Me: I never assumed that at all. Don't get me wrong, I think you're hot as hell but....
The Older Woman: So maybe we shouldn't do this.
Me: That works for me.

Now she goes out of her way to talk to me. I think she was spurred on by the fact that I didn't want to simply sleep with her. It's a pursuit thing I'm sure. She's not being pursued and likes that. My long winded point is, I ran into her again and I had a hot ass dream about her that night. We ended up having really good sex in my dream. That same night Beautiful slept over and I'm really hoping I didn't talk in my sleep. Good thing it wasn't a wet dream either.

Cute College Girl stops by my desk yesterday. The conversation goes:

Cute College Girl: Anathematik, want some Starbucks?
Me: That depends on who's buying.
Cute College Girl: Well I'll buy for you.
Me: Cool. (I give her my order)

Fast forward to today; she stops by again to show me her new shoes. She was sans titty shirt. My coworker noticed that whenever she stops by she's always wearing really tight shirts that accentuate her mammaries. I felt bad because I was sitting there with Starbucks and never offered to get some for her. She looked hurt. My coworker said I was under no obligation to buy her coffee. My coworker also said it's her fault because she always flirts with me. My coworker is a female so I'll take her word for it.

Loud Mouth Guy is still around. Today he's wearing sunglasses indoors. Either that or they are those stupid self tinting glasses. I'm so tempted to sing Corey Hart's, 'I wear my sunglasses at night so I can, so I can...'

That's all. I have a busy weekend planned. Hope you do too. Pax.

Tuesday, May 1, 2007

I'm thinking about changing the title to my blog. It just sounds so dark. I'm not a dark person. In fact, I'm very upbeat and laid back at the same time. It's a personal conundrum, my personality.

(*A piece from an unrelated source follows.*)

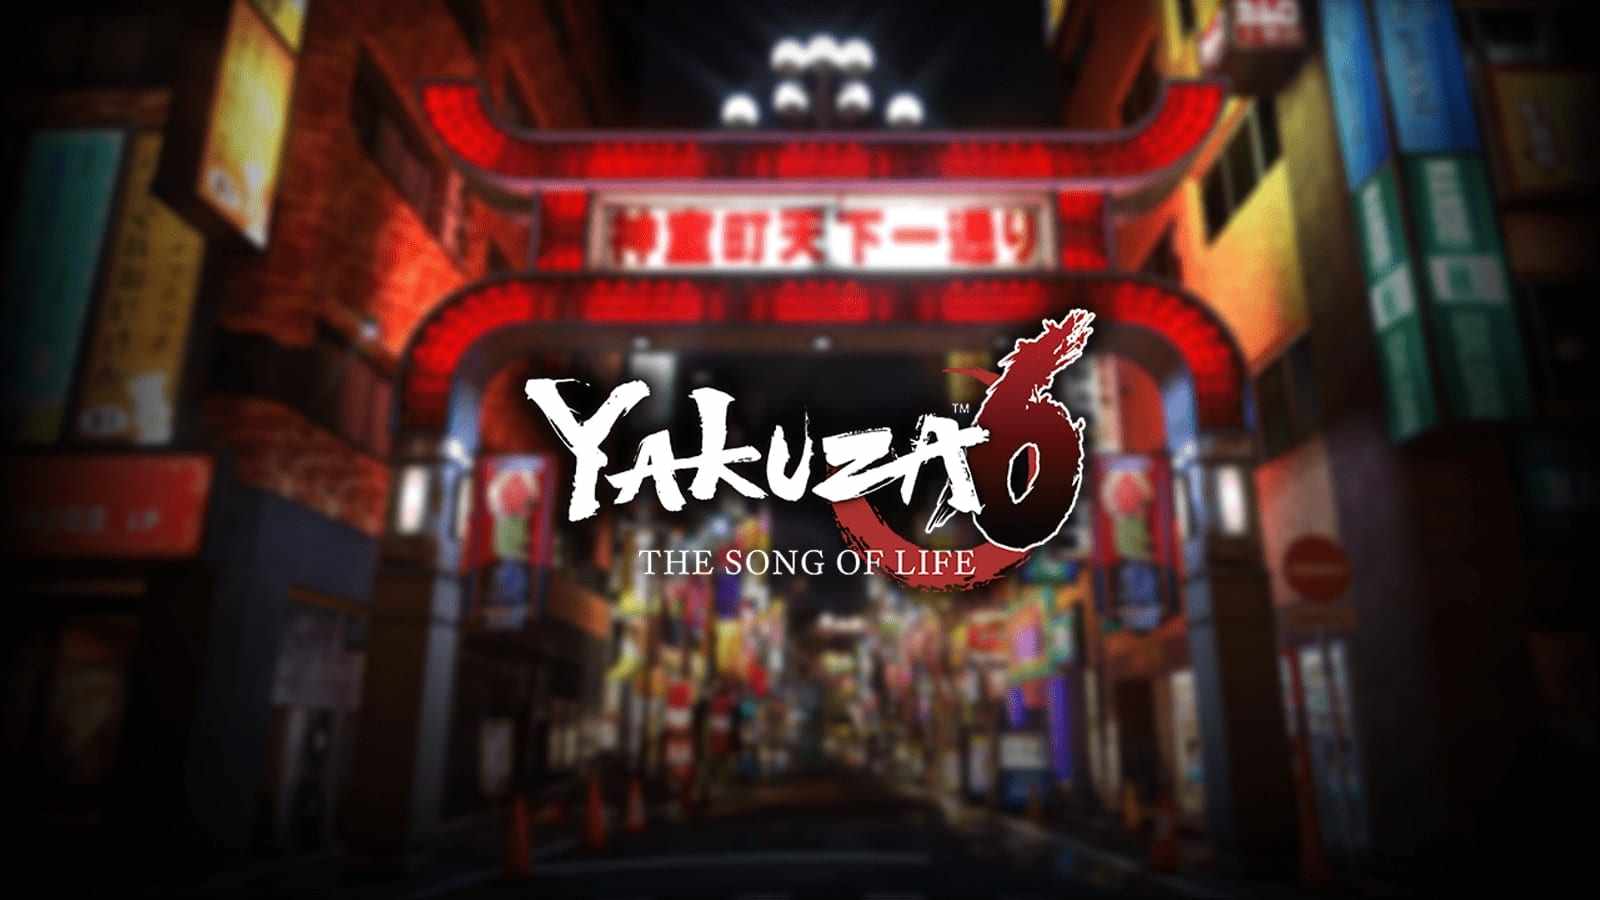 yakuza 6 the song of life listing thumb 01 ps4 us 03dec16 min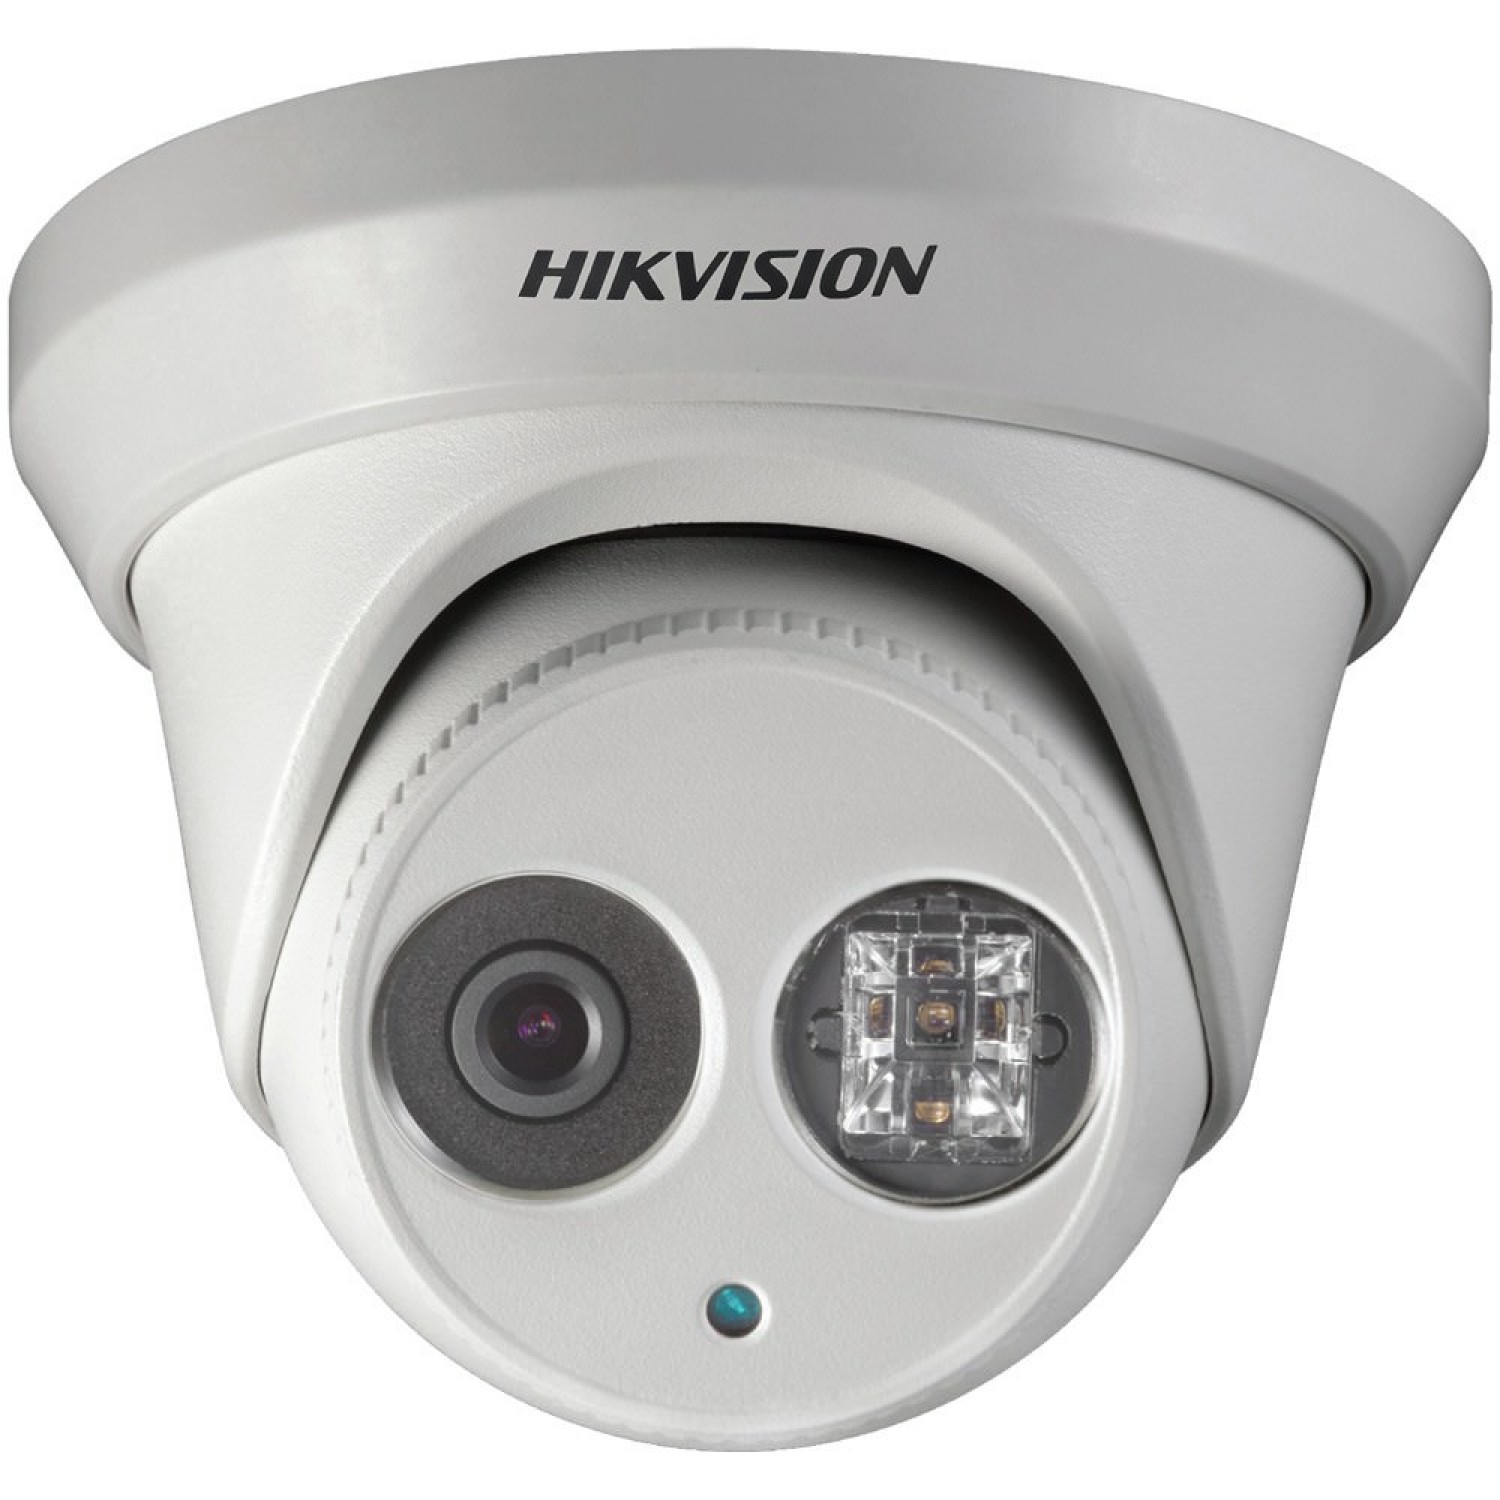 Камеры видеонаблюдения купить в спб. Hikvision DS-2cd2322wd-i. DS-2cd2442fwd-IW. Камера видеонаблюдения Hikvision DS-2cd2342wd-i. Hikvision DS-2cd2022wd-i 4мм.

I've also decided I'm going to become a sugar daddy for some lucky coed. I'm kidding, I was just trying to think of way to use the word 'coed' in a sentence and that's what I came up with, however....I really did decide I'm going to date someone younger than me.

I'm thinking I'm going to date someone in the 19-20 year old range. I've given this lots of thought.

I'm 30 years old. If I hooked up with a girl that was say, 19, I could easily chalk up anything to my age. I could also use the line, "With age comes wisdom," infinitum. She would have no choice but to accept what I say as fact because I've seen it all before.

Also with such an age gap I could be cool and retro because I was there the first time whatever it is was hip.

You may be asking why someone so young? I couldn't date an 18 year old because I would feel slimy. If she were 19? That's the cut off for not feeling slimy. Why before 21? NEVER date a girl that's 21. That's royal oats sowing time. When a girl first hits 21 she's out hitting all the hot spots getting shitty drunk. How's a 21 year old girl going to have time for a sugar daddy when that new emo band with cute bass player is playing at the new ale house? Of course this doesn't apply to all girls that just turned 21, I'd put that number at roughly 65%.

Can you imagine the conversations we'd have? I could her captive with my tales of walking to school in the snow without shoes, before cars were invented. I could fascinate her with stories of how people actually talked on the phone before text messages. The good old days.

Of course this all assuming that some nerd girl doesn't sweep me off my feet first. Nerd girls are so hot.